That’s helpful. And then bigger picture question going into next year. Currently, Tyson’s stock is trading at about five-year low, largely because there is questions about your ability to grow earnings for next year. You have moved way from giving kind of segment level margins outlook. Could you give us some bigger picture color on where you expect to drive growth into next year without of course giving particular guidance for the year?
Yes. So Farha, when we have talk about this historically there has been - almost like we are bound between in these ranges and that’s something they do, you are a very commoditized company. I understand the purpose that they served in the past. But we want to continue to at the best margins, while we are continuing to grow the business. So we can deliver year-over-year improved EBIT. As a relates to 2019. Clearly too early to totally quantify, but we see some really strong themes developing across the portfolio.

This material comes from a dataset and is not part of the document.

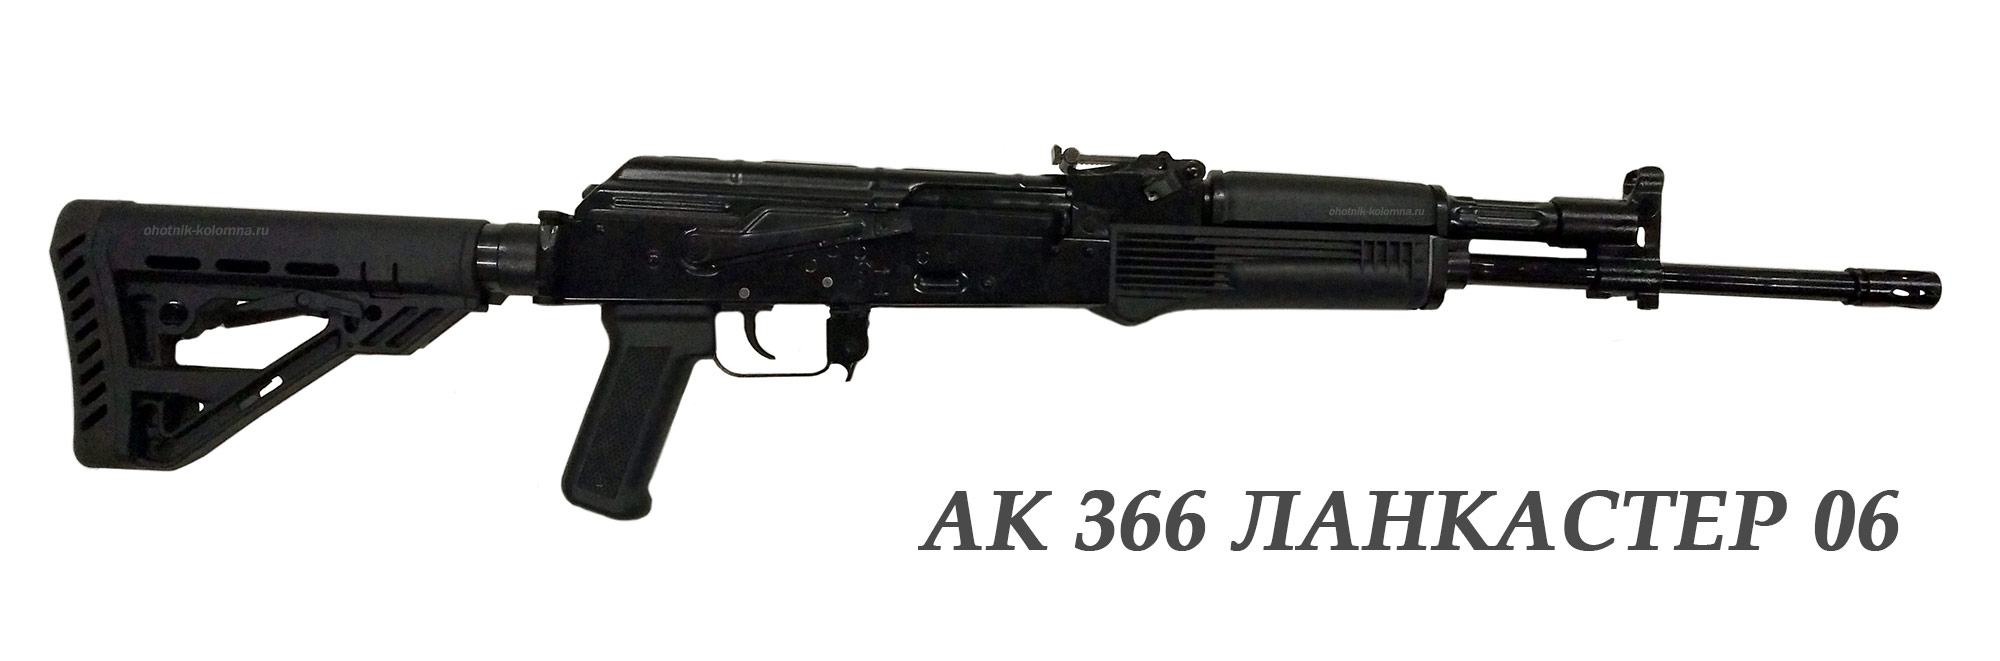 Акс-366 Lancaster

Certainly the value added businesses are expected to continue on the growth trajectory, we are in great categories. We have great businesses both Prepared Foods and Chicken will benefit from a higher value-added mix for sure. Strong demand is supported by the continuous improvement in our Financial Fitness program that we have, the more volume that we drive, the stronger the cost reduction is going to be and we continue to go faster in the categories we plan. As I said in the prepared remarks, getting the businesses on one IT platform is enormous because it not only allows customers to place one order, but that also with the distribution centers, everything just starts to kick in. So another tailwind for us would be accelerating cost improvement into 2019. We expect strong back half which will certainly us a momentum as I called up before Q4 better than Q3. Not for nothing. Any M&A benefit will be incremental to that. So there certainly we have a strong balance sheet and we sure we can talk about capital allocation, but we feel great about where we are positioned as it relates taking advantage of M&A. And the last thing I will say is that commodity businesses, Beef, Pork and parts of maybe the Chicken business will benefit from increased supply, counterbalanced certainly with global and domestic demand increases, have get a lot of noise as it relates to tariffs and so forth. But all the things that we are seeing in terms of themes developing for fiscal 2019 are all very positive and we are excited.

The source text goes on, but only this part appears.